Your physical relationship is usually going to trend in one direction or the other. It is either going to be a source of connection and fun and an outlet for mischievousness and naughtiness or it’s going to add frustration, resentment, and/or discontent to your relationship. You get to pick.
Secondly, if you and your partner happen to be parenting, I think the greatest way that anyone has ever described trying to have a physical relationship amidst the demands of parenthood is that it’s called mating in captivity. If you are doing it well and if you are meeting each other’s needs, I promise you on all of those cold, dark winter nights when you are stuck at home being responsible parents, it will be a lot more fun and more fulfilling than anything that’s on Netflix. If you’re going to be in captivity, why not have a little bit of fun while you’re doing it?

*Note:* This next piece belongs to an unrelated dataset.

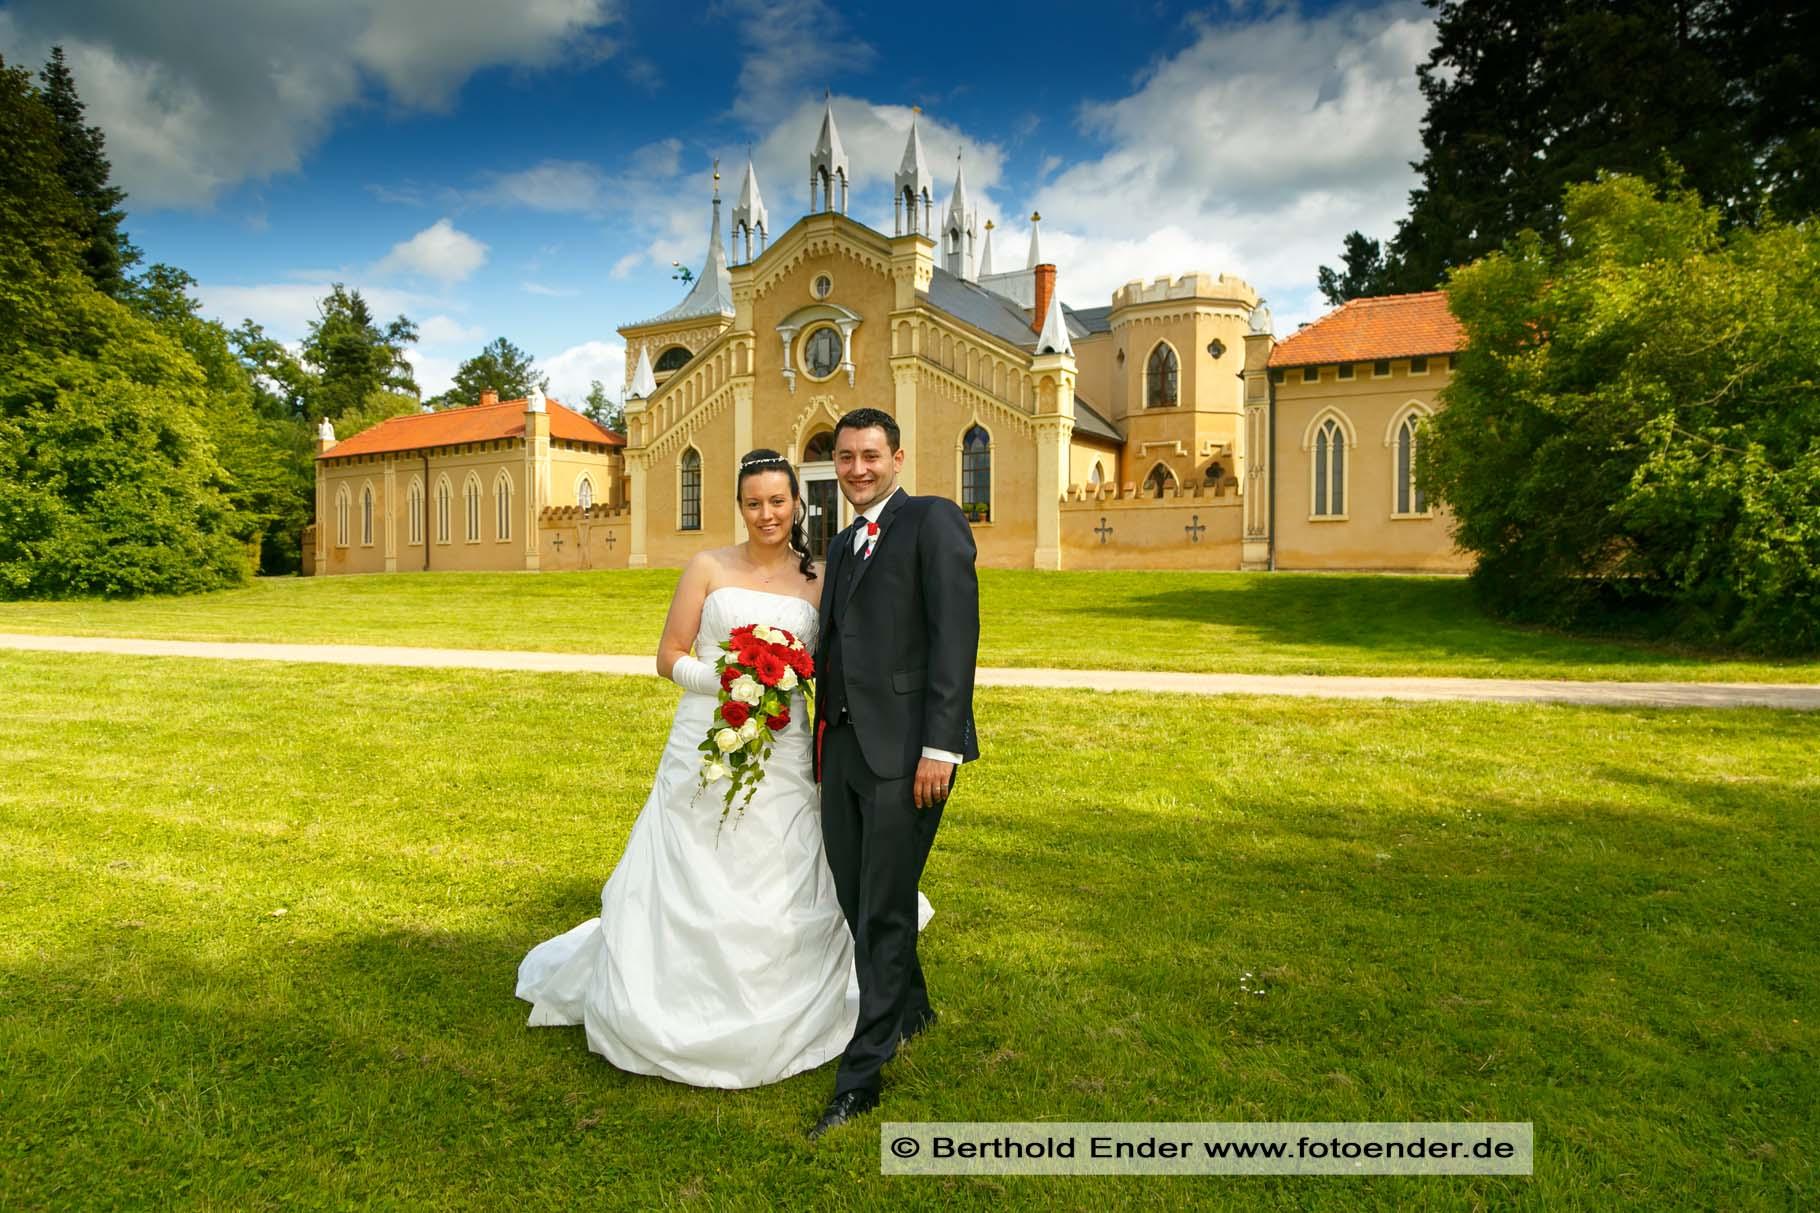 Hochzeitsbilder im Wörlitzer Park am Gotischen Haus, Fotostudio Ender
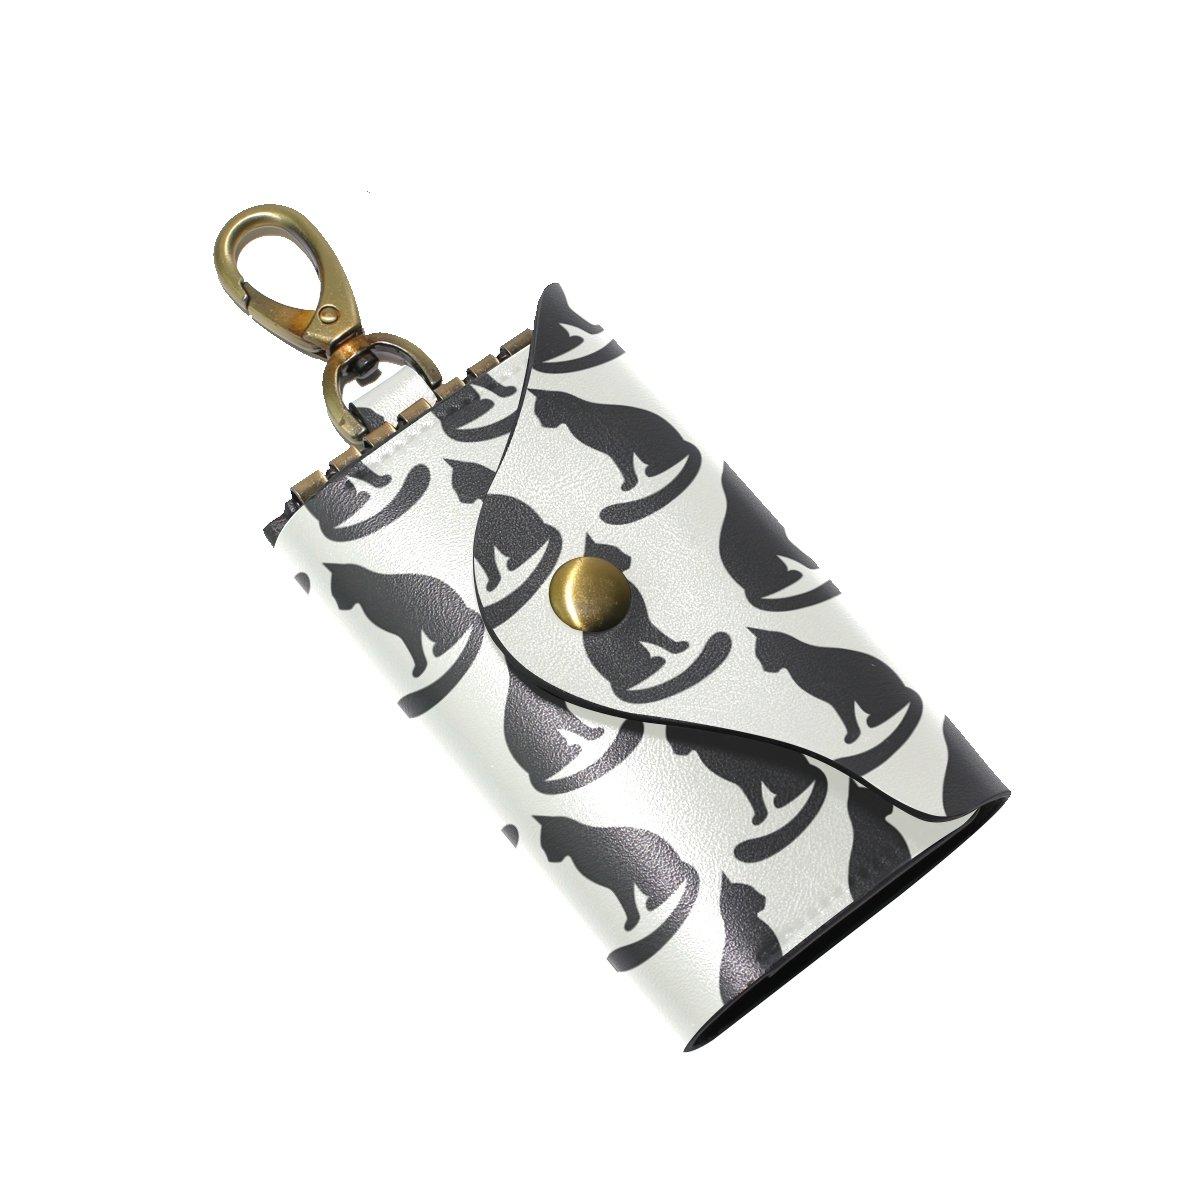 DEYYA Animal Cat Leather Key Case Wallets Unisex Keychain Key Holder with 6 Hooks Snap Closure

Finally, sometimes our physical relationship gets neglected simply because somebody’s busy or they haven’t been feeling well recently. However, more often than not, if you have been neglecting your sex life it’s because you are either lacking the friendship and connection that you need from your partner in order for it to be robust, or you might be avoiding your own feelings of vulnerability that can often come up in a truly intimate relationship. Both of those things tend to become a source of greater frustration and discontentment as time passes. So, if either of those dynamics might be at play in your relationship, continuing to neglect your sex life is not a recipe for greater happiness and fulfillment.
Food for thought. Is it time to stop neglecting your sex life with your partner?